A researcher adds three variables to a regression and reports that R² increased from 0.45 to 0.52. A colleague concludes the model is now substantially better. What is wrong with this interpretation?
AR² should have decreased when variables are added
BR² mechanically cannot decrease when variables are added, so the increase tells us nothing about whether the new variables are informative — adjusted R² is needed
CAn increase of 0.07 in R² is always too small to be meaningful
DR² only measures fit for the training data, so this comparison is invalid
R² can only stay flat or rise when variables are added, because OLS can always set a new coefficient to zero if the variable contributes nothing. An increase in R² therefore proves nothing about the variables' usefulness. Adjusted R² penalizes for the additional degrees of freedom used; if adjusted R² falls, the new variables are hurting the model by overfitting rather than genuinely improving it.

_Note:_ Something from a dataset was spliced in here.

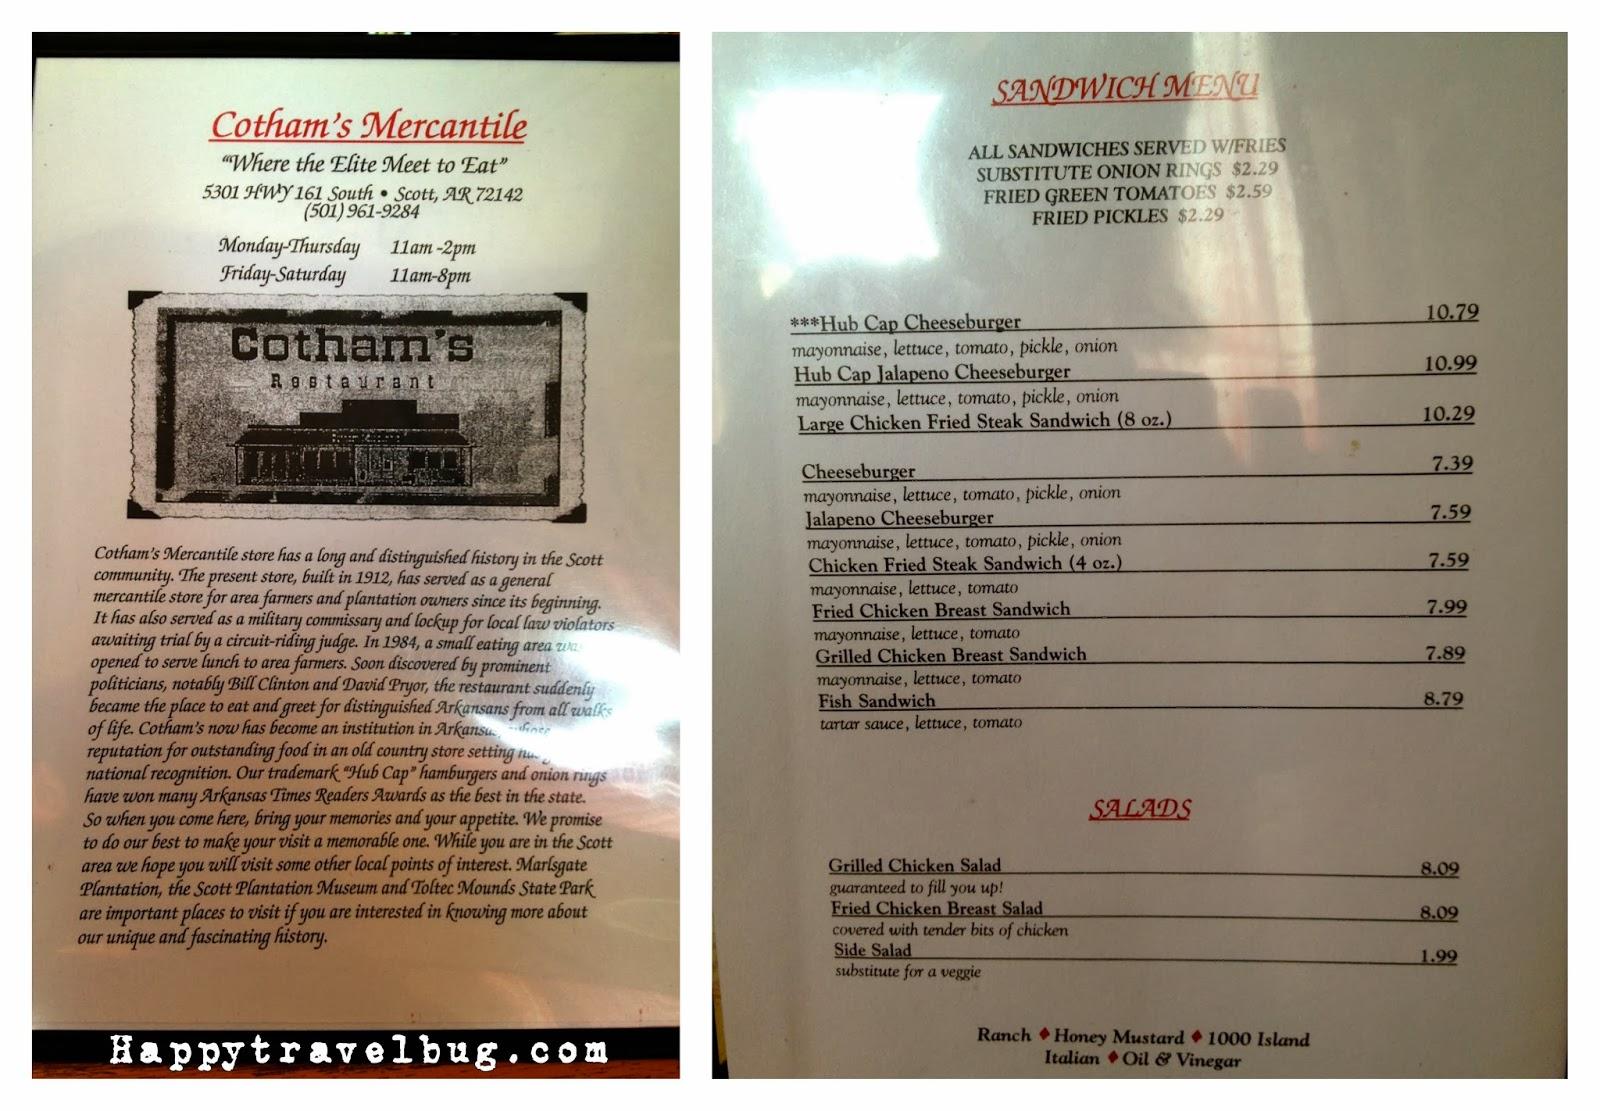 Cotham's Mercantile menu

Question 2 Multiple Choice
A randomized experiment finds that a job training program increases wages by $200/week (p < 0.001), but R² = 0.03. A critic argues: 'The model explains almost nothing — this result can't be trusted.' What is the correct response?
AThe critic is right — a low R² indicates the estimate is biased
BThe critic is wrong — R² measures explained variance, not causal validity; wages vary for many reasons beyond the program, and the coefficient can be unbiased even if R² is low
CThe critic is right — a larger sample would raise R² and validate the result
DThe critic is wrong, but R² should be at least 0.10 to report results in economics
This is the deepest misconception about R². The key OLS assumption for unbiased estimation is E[u|x] = 0, not high R². In a randomized experiment, random assignment ensures the treatment indicator is uncorrelated with the error term — satisfying the identification condition regardless of how much unexplained variation remains. Wages vary enormously for reasons unrelated to the program (education, industry, experience), producing a low R² that is completely consistent with a valid, precisely estimated causal effect.
Question 3 True / False
Adding any regressor to a regression, even an irrelevant one, can never decrease R².
TTrue
FFalse
Answer: True
This is a mechanical fact about OLS. The algorithm minimizes the sum of squared residuals, and it can always set the new variable's coefficient to zero if the variable adds nothing — in which case R² stays flat. If the variable has any relationship with y, even due to random chance in the sample, the coefficient will be nonzero and R² will rise. This is why raw R² is a misleading model comparison tool when models have different numbers of regressors.
Question 4 True / False
A regression with R² = 0.92 provides stronger evidence for a valid causal estimate than one with R² = 0.08, most else equal.
TTrue
FFalse
Answer: False
R² and causal validity are entirely separate. A high R² means the regressors explain most of the variation in y — but if those regressors are correlated with the error term (omitted variable bias, endogeneity), the coefficients are biased regardless of R². A low R² from a clean randomized experiment delivers perfectly unbiased estimates. The relevant criterion for causal identification is E[u|x] = 0, not the fraction of variance explained.
Question 5 Short Answer
Why do econometricians pursuing causal identification often report low R² without apology, and what would actually need to be true for their coefficient estimates to be valid?
Think about your answer, then reveal below.
Model answer: For causal identification, what matters is that the identifying assumption holds — most commonly E[u|x] = 0, meaning the regressor of interest is uncorrelated with the error term (no omitted variable bias, no reverse causation). This assumption is satisfied by good research design: randomization, instrumental variables, regression discontinuity, or difference-in-differences. R² measures how much variation the model explains, which is a separate question from whether the coefficient is unbiased. Low R² just means many other factors influence y — it does not compromise identification.
This distinction is fundamental to modern econometrics. The field moved away from treating high R² as a goal (which leads to overfitted kitchen-sink regressions) toward treating credible identification as the primary criterion. A study with R² = 0.04 from a clean natural experiment is far more informative about a causal question than one with R² = 0.85 from a poorly specified observational regression.